3 Symptoms of Polycystic Ovary Syndrome and How to Treat ItGynecologist Jeongyeon Kim

3 Symptoms of Polycystic Ovary Syndrome and How to Treat ItGynecologist Jeongyeon Kim

Dec 17, 2024Ehotyshamull Joy
1. Diagnostic criteria of polycystic ovary syndrome
How is polycystic ovary syndrome diagnosed?

Women ovulate and menstruate as their hormones change periodically according to their menstrual cycle. In order for ovulation to occur, one dominant follicle in the ovary must grow large and burst, but the condition in which the follicles are immature and young to produce the dominant follicle and the strings grow like beads is called polycystic ovaries.

 

So, when does a doctor diagnose polycystic ovary syndrome? First, we can identify the polycystic ovaries that I mentioned earlier. When the ovaries are enlarged in size and the follicles look like 12 or more beads, this is called polycystic ovaries.

 

The second is if you have an ovulation disorder. That's why I don't menstruate or I don't get my period very often. It is a symptom observed in about 60%~85% of patients with polycystic ovary syndrome. If you have less than 8 periods a year or your menstrual cycle is more than 35 days, you can indirectly confirm that you have an ovulation disorder.

 

The third is hyperandrogenemia (hyperandrogenemia), which refers to a condition in which there is a high concentration of male hormones called androgens. Male hormones are measured with blood tests at hospitals, but they can be identified by hirsutism, acne, male pattern baldness, and thickening of the voice. Hirsutism is not hair thinning, but hair growing in unnecessary areas. From the perineum to the thigh bridge. It has a hairy appearance up to the thighs or around the navel. If you have two of these three symptoms, you are diagnosed with polycystic ovary syndrome.

 

2. Effects of Polycystic Ovary Syndrome
Polycystic ovary syndrome, how does it affect health?

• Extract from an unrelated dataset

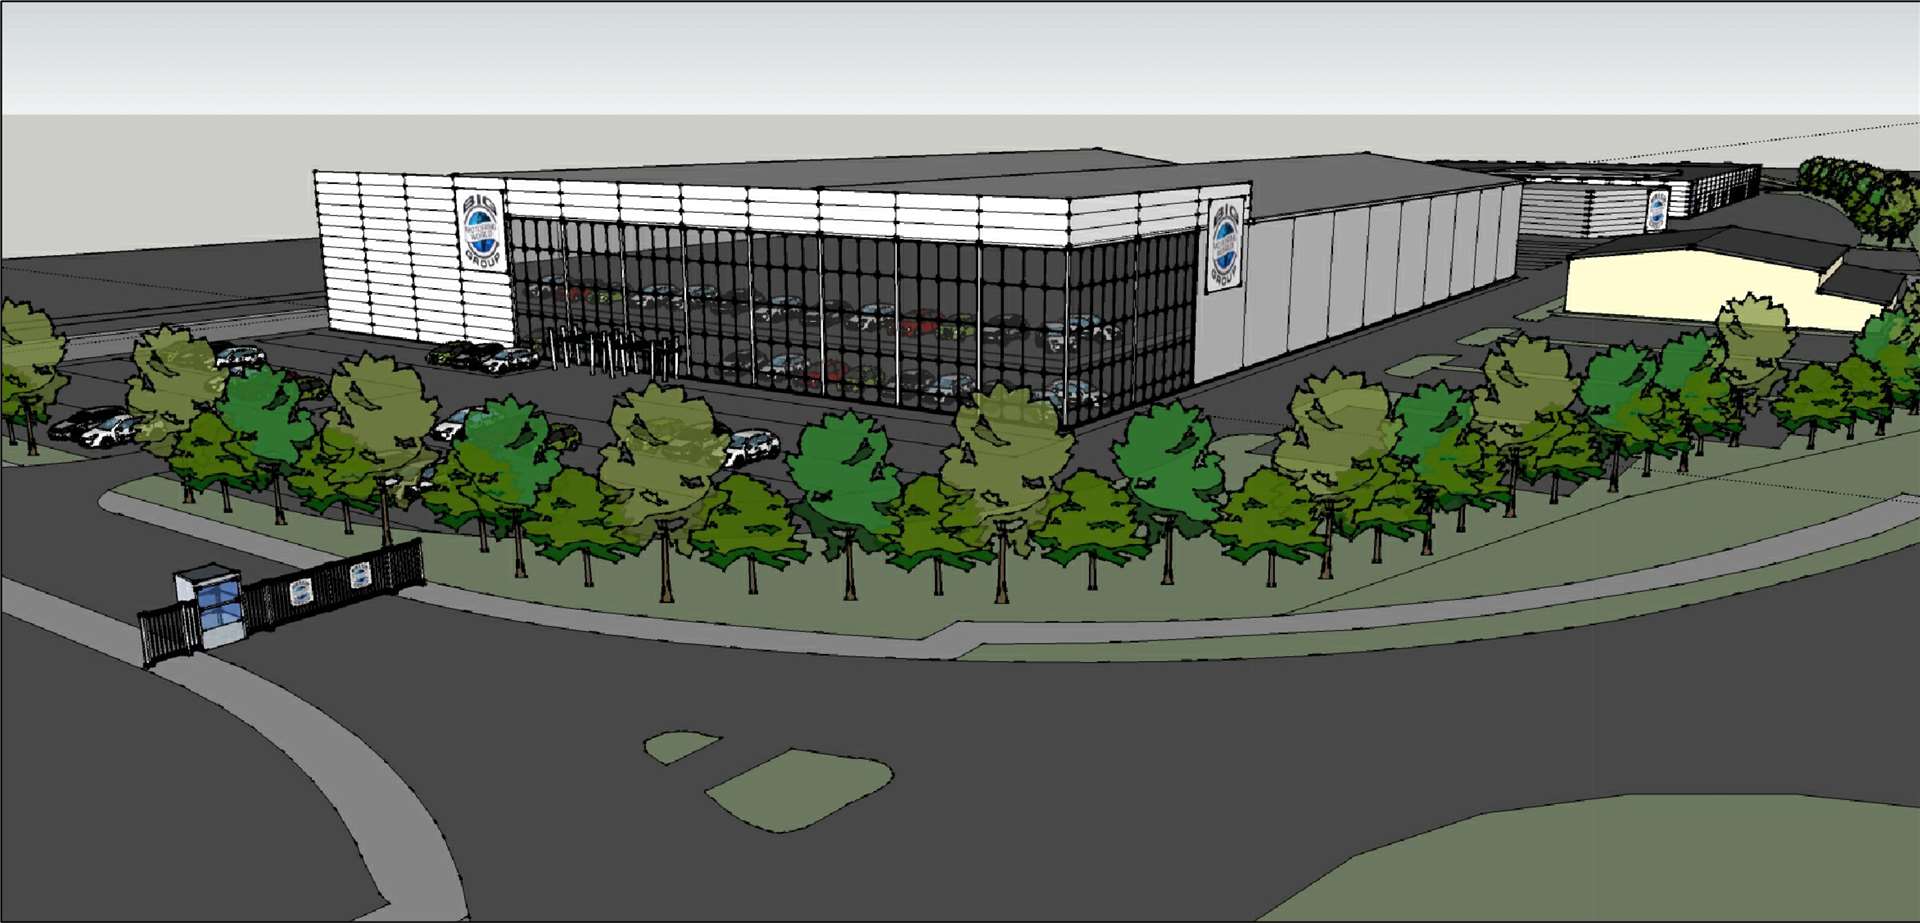 An artists impression of the new Big Motoring World depot at Blue Bell Hill

If you have polycystic ovary syndrome, your risk of metabolic syndrome increases. Typical symptoms of metabolic syndrome include insulin resistance, dyslipidemia, and obesity. When insulin doesn't work, the risk of developing diabetes increases and the risk of cardiovascular disease.


In addition, patients with polycystic ovary syndrome have a three-fold increase in the incidence of endometrial cancerIf you are a woman with polycystic ovary syndrome, you should have your uterine lining checked by ultrasound at least once a year. You can also use Mirena to protect your endometrium.

 

In addition, because ovulation becomes irregular, the overall pregnancy rate decreases. If you have irregular periods and are trying to have a baby, trying to conceive by inducing ovulation from the beginning of your period is a way to increase your chances of getting pregnant.

 

3. Treatments for polycystic ovary syndrome
Polycystic ovary syndrome, how is it treated?

The first is that regular living, regular exercise, and diet are essential. Losing weight is often enough to bring the menstrual cycle back to normal.


The second is to use drugs to induce ovulation. Inducing ovulation is an active way to try to conceive. You will take medications such as clomiphene and femira. In addition, meformin, which is known as a diabetes drug, is also used because it improves insulin resistance and has a weight loss effect. Medications called inositol can also help improve insulin resistance and regulate the menstrual cycle.


The third is oral contraceptives. Oral contraceptives are the most commonly used method for women with polycystic ovary syndrome because they can eliminate irregular bleeding, menstrual irregularities, and amenorrhea, as well as control menstrual cramps and help treat acne and hirsutism.


In particular, YAZ, a fourth-generation contraceptive pill, works to reduce androgens, so if you have acne and need to take oral contraceptives, you should choose Yaz. However, it is not recommended to take birth control pills to treat acne.